L’elisir d’amore

The music

Discover the music of Donizetti’s L’elisir d’amore

The greatest popular success of Donizetti’s career, L’elisir d’amore (1832) is arguably the perfect operatic romantic comedy.

Unlike Rossini’s glittering, cold humour, Donizetti’s here is softer, sunnier and more tender, revealing a human heart beneath the conventions and caricatures of the story. In many ways L’elisir anticipates the Romantic operas of Verdi, quietly unlacing the corset of comic opera and releasing musically into something more memorable, distinctive and inherently dramatic.

  • Gaetano Donizetti (1797-1848) was a hugely prolific Italian composer, who wrote more than 60 operas during his lifetime.

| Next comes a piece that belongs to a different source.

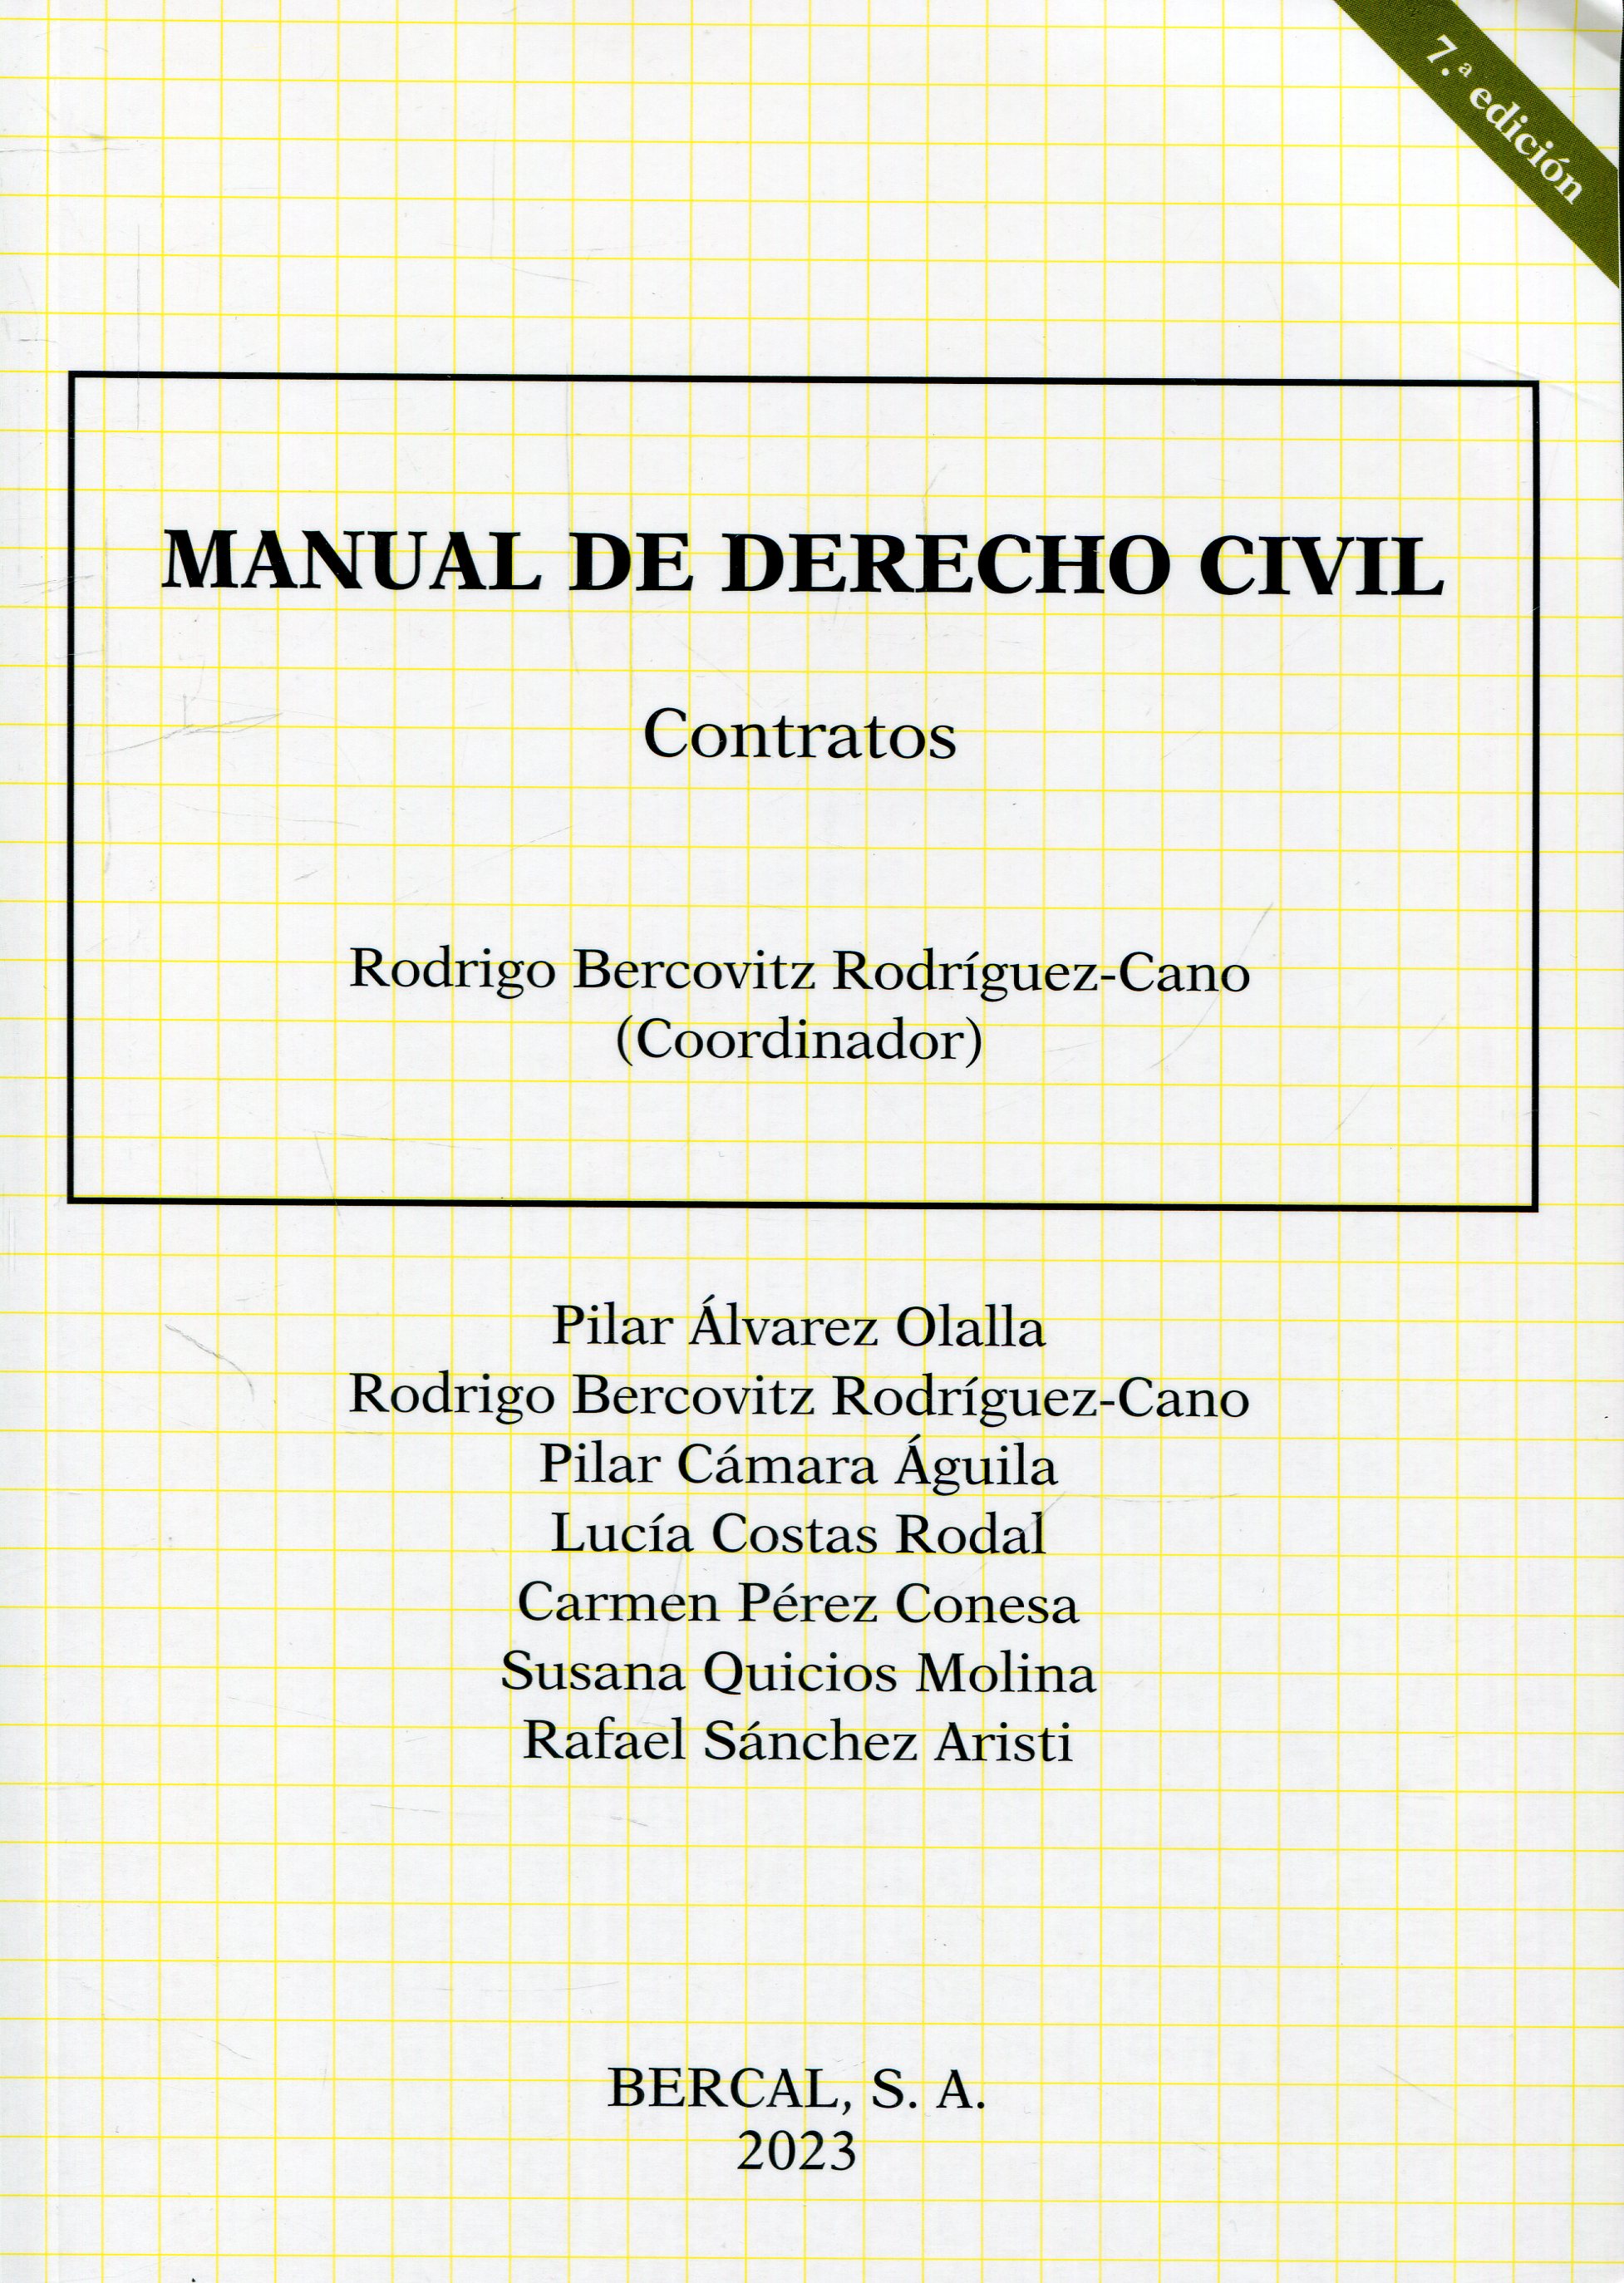 Manual de Derecho Civil

He started his career in an Italy whose opera scene was dominated by Rossini, imitating the elder composer in his early work, before developing a more fluid, emotional style of his own.
  • Donizetti inherited a style of opera called ‘bel canto’ – literally, ‘beautiful singing’. It was a style whose focus was on vocal display, and musical thrills. Drama was very much secondary to virtuosity and dazzling technical display. Donizetti’s music provides a bridge between Rossini’s pure bel canto world and the Romantic operas of Verdi. The magic of L’elisir is its blend of human warmth and drama with its glittering musical numbers.
  • L’elisir was the greatest success of Donizetti’s career. Gentler and sweeter than many other comic operas, the composer himself described it as a ‘melodramma giocoso’ (a cheerful melodrama). Nemorino’s famous aria ‘Una furtive lagrima’ (in which the hero expresses his deepest, most sincere emotions) proves that opera is no longer dealing with puppets, but real people.
  • Stylistically L’elisir is wonderfully varied. Each of the characters sings music that reflects their own personality. So we get chattering patter-songs for salesman Dulcamara, simple folk-like sweetness from Nemorino, hearty choruses and lots of martial music for soldier Belcore. Most interestingly, we hear Adina’s music develop through opera, maturing from the brittle coquettish arias of Act I to a much more direct, heartfelt duets of Act II. We know Adina is falling in love with Nemorino because her style is becoming more and more similar to his.

Musical highlights

Una furtive lagrima (Act II)

 

  • Nemorino’s heartfelt sincerity is summed up in his extraordinarily beautiful aria ‘Una furtive lagrima’ (A single, secret tear). A solo bassoon sets up a mournful mood, which bursts suddenly into musical sunshine as Nemorino realises that Adina might love him after all and desperation turns to joy.
Peter Auty performs ‘Una furtiva lagrima’

Io son ricco e tu sei bella (Act II)

  • To entertain the guests as they wait for Adina and Belcore’s wedding, Dr Dulcamara persuades Adina to sing a duet with him. ‘Io son ricco e tu sei bella’ (I am rich and you are beautiful) imagines a flirtatious exchange between an elderly senator and a pretty young girl. You can hear both the stately, amorous man and the coy young woman in this frisky little dance, which plays this unlikely romance for comedy, keeping its tongue firmly in its cheek.